The remaining link question

249/81 Commission –v- Ireland (Buy Irish Campaign) [1982] ECR 4005

The Irish government sought to promote sales of Irish goods, the object being to achieve a switch of 3% in consumer spending from imports to domestic products. It adopted a number of measures including: an information service indicating to consumers which products were made in Ireland and where they could be obtained (the Shoplink Service); exhibition facilities for Irish goods; the encouragement of the use of the “buy Irish” symbol for goods made in Ireland; and the organisation of a publicity campaign by the Irish Goods Council in favour of Irish products, designed to encourage consumers to buy Irish products. The first two of these activities were subsequently abandoned by the Irish Government, but the latter two strategies continued to be employed. The Commission brought Article 226 proceedings alleging the campaign was an MEQR. Ireland argued that it never adopted “measures” for the purpose of Article 28 and that any financial aid given to the Irish goods council should be judged in light of Articles 87 and 88 not article 28.
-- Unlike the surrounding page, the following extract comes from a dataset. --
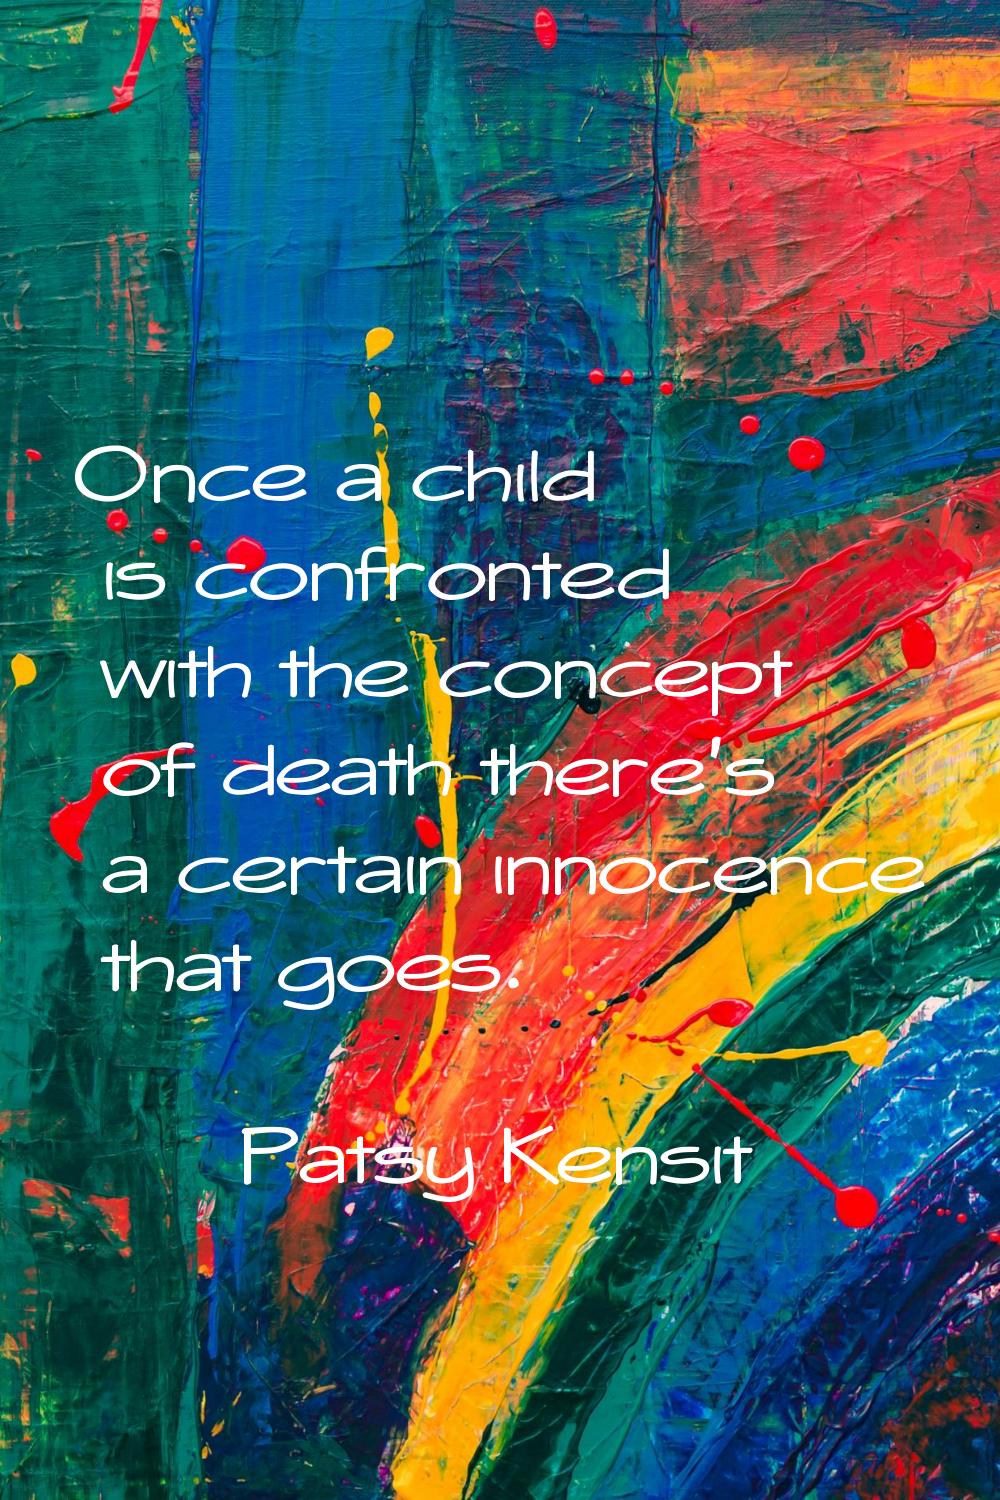 Once a child is confronted with the concept of death there's a certain innocence that goes.
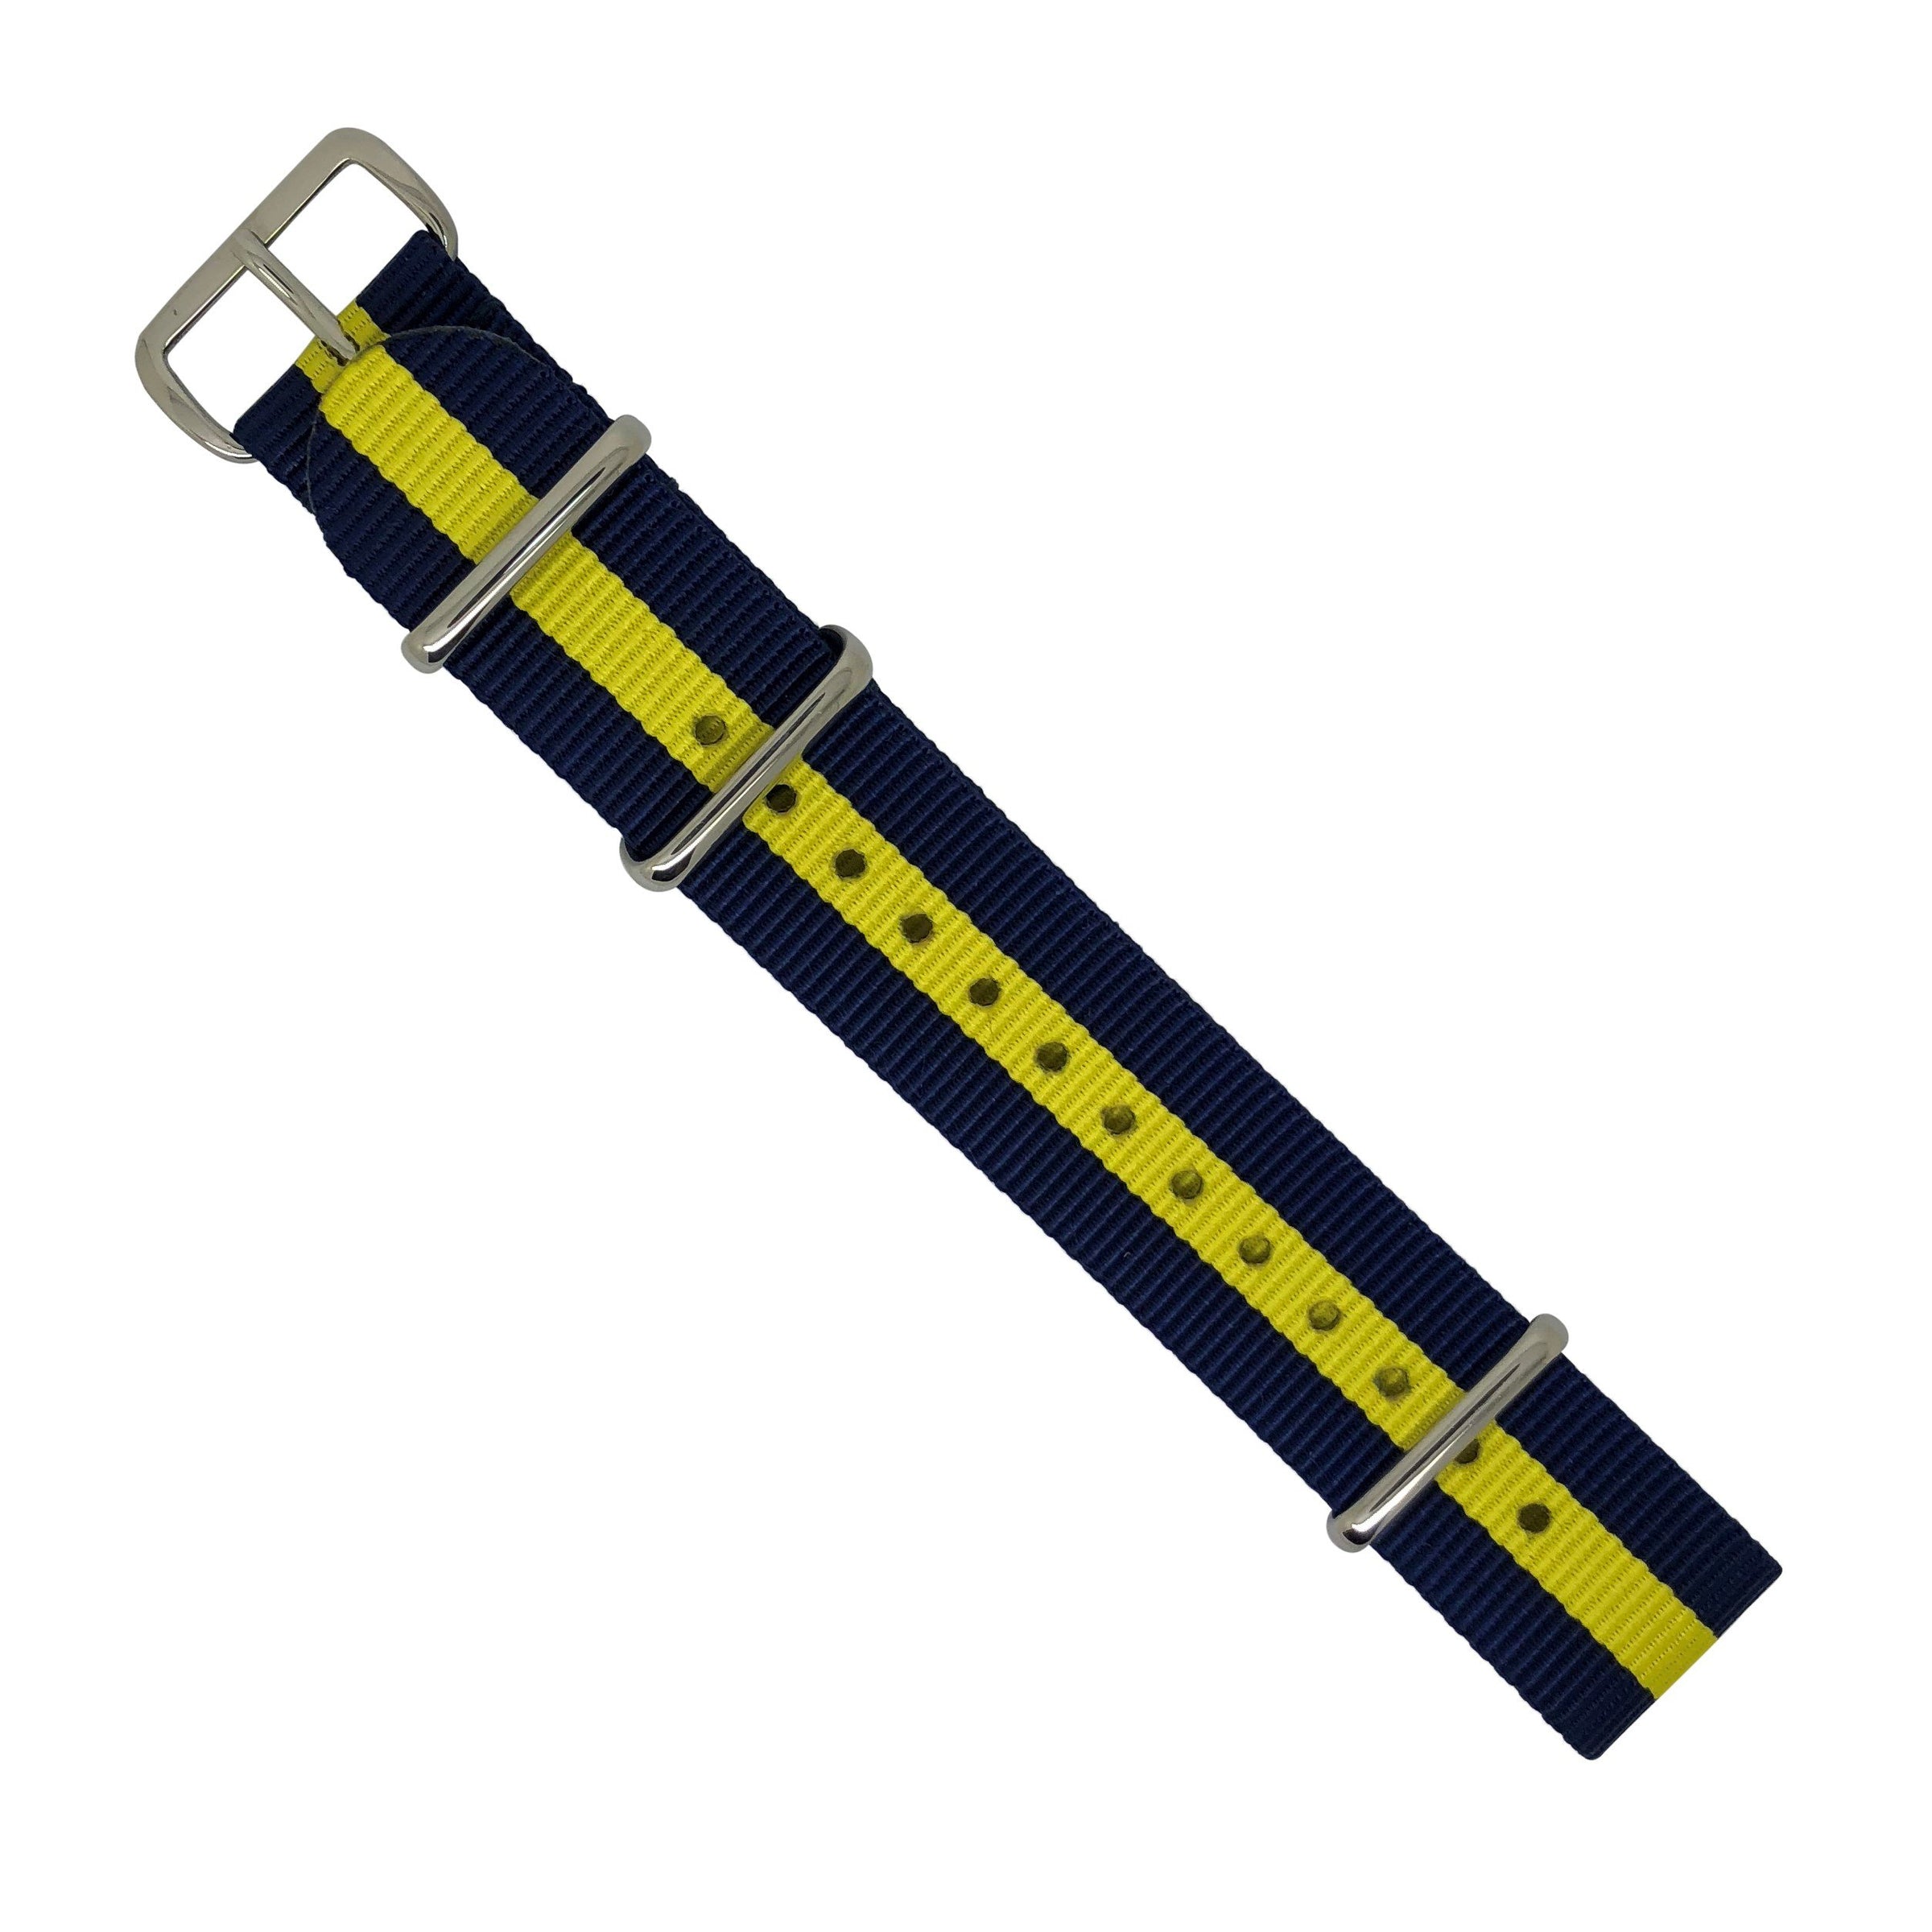 Premium Nato Strap in Navy Yellow with Polished Silver Buckle (20mm) - Nomadstore Singapore

The ECT: the Irish government maintains that the prohibition against measures having an effect equivalent to quantitative restrictions in Article 28 is concerned only with the “measures” that is, to say binding provisions emanating from a public authority. However, no such provision has been adopted by the Irish government, which has confined itself to giving moral support and financial aid to the activities pursued by the Irish industries.

The Irish government goes on to emphasise that the campaign has had no restrictive effect on imports since the proportion of Irish goods to all goods sold on the Irish market feel from 49.2% in 1997 to 43.3% in 1980.

While it may be true that the two elements of the programme which have continued in effect, namely the advertising campaign and the use of the “Guaranteed Irish” symbol, have not had any significant success in winning over the Irish market to domestic products, t is not possible to overlook the fact that, regardless of their efficacy, those two activities form part of a government programme which is designed to achieve the substation of domestic products for imported products and is liable to affect the volume of trade between member states.

In the circumstances the two activities in question amount to the establishment of a national practise, introduced by the Irish government and prosecuted with its assistance, the potential effect of which on imports from other Member States is comparable to that resulting from government measures of a binding nature.